Aîné d'une famille de sept enfants, Constantin Caramanlis est né le 23 février 1907 à Proti, dans une région de la Grèce du Nord appartenant encore à l'Empire ottoman et majoritairement peuplée de Slaves. Fils d'instituteur, le jeune Constantin est envoyé au collège à Serres. Ses capacités lui permettent d'entrer au lycée à Athènes, puis d'étudier à la faculté de droit, de 1925 à 1929. Après son service militaire, il est avocat à Serres de 1931 à 1935.

Il est élu pour la première fois député de Serres en 1935, sous l'étiquette du Parti populiste (droite royaliste) grâce à l'appui d'un ténor de la politique locale. En août 1936, avec la dictature du général Métaxas, il rentre à Serres et reprend ses activités d'avocat. L'occupation de la Grèce en avril 1941 le ramène à Athènes où, de 1942 à 1944, il milite à l'Union socialiste, un petit groupe centriste qui réfléchit sur la modernisation de la Grèce après la libération. Au début d'octobre 1944, il rejoint Le Caire où se trouve le gouvernement grec en exil. Il rentre à Athènes le 25 octobre 1944 dans les fourgons de l'armée britannique.

Alors que la guerre civile éclate entre les royalistes et les communistes, Constantin Caramanlis retrouve sa place de député populiste de Serres en 1946. De janvier à août 1947, il est ministre du Travail, s'employant à briser le mouvement syndical.
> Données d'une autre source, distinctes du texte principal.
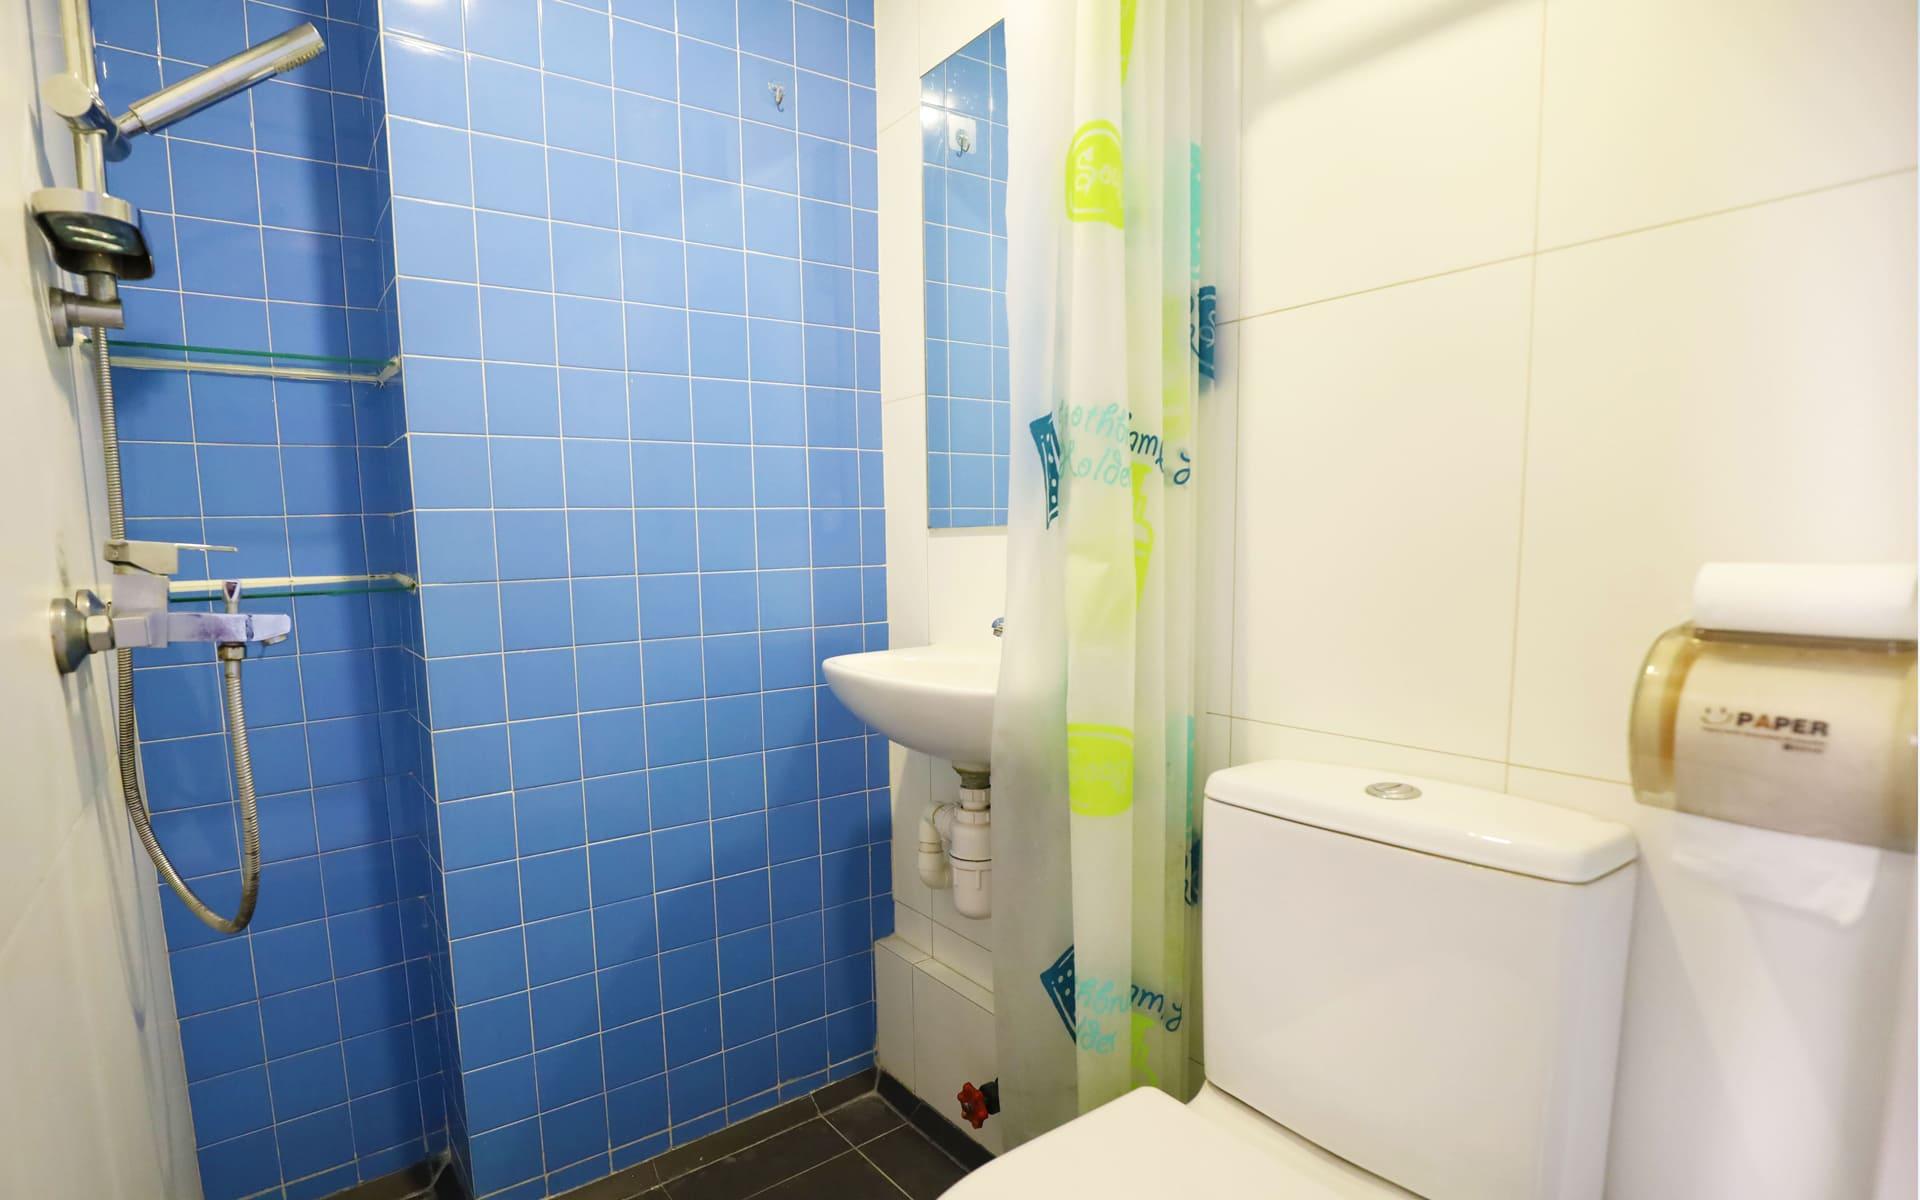 hk_service_apartment_1264957651596886710.jpg
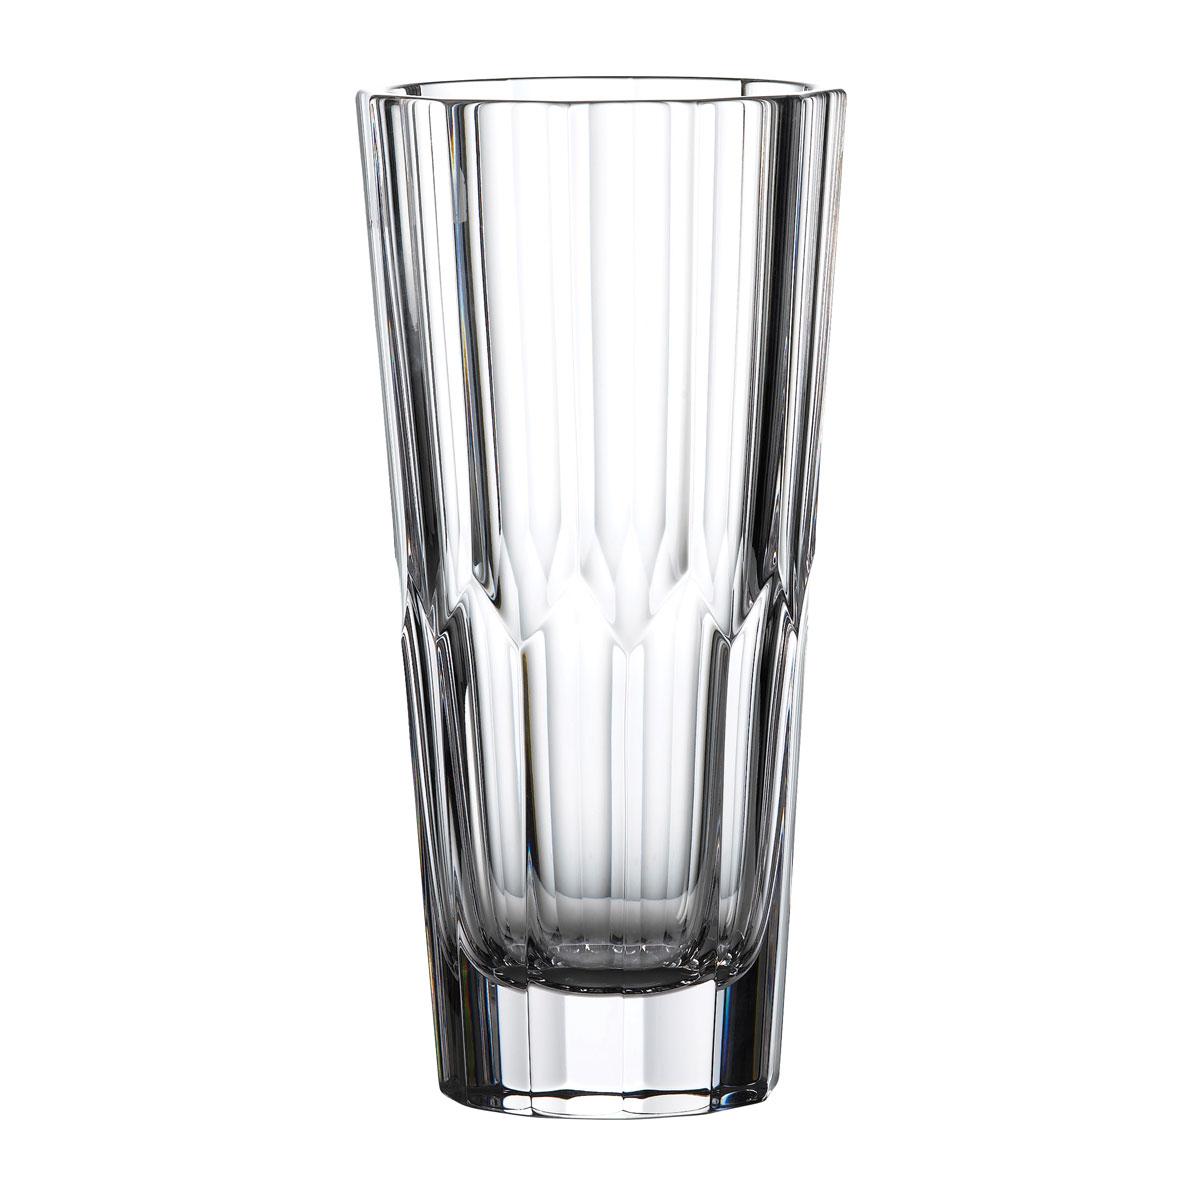 "Waterford Crystal Fleurology Jeff Leatham Icon 10"" Vase, Clear"

Il occupe ensuite le portefeuille des Transports de mai à novembre 1948, puis de la Prévoyance sociale de novembre 1948 à janvier 1950. Il est même ministre de la Défense durant quelques semaines en 1950. En 1951, il quitte le Parti populiste pour rejoindre le Rassemblement hellénique du maréchal Papagos. L'année suivante, il épouse Amalia Kanellopoulou dont il divorcera peu après ; il devient ministre [...]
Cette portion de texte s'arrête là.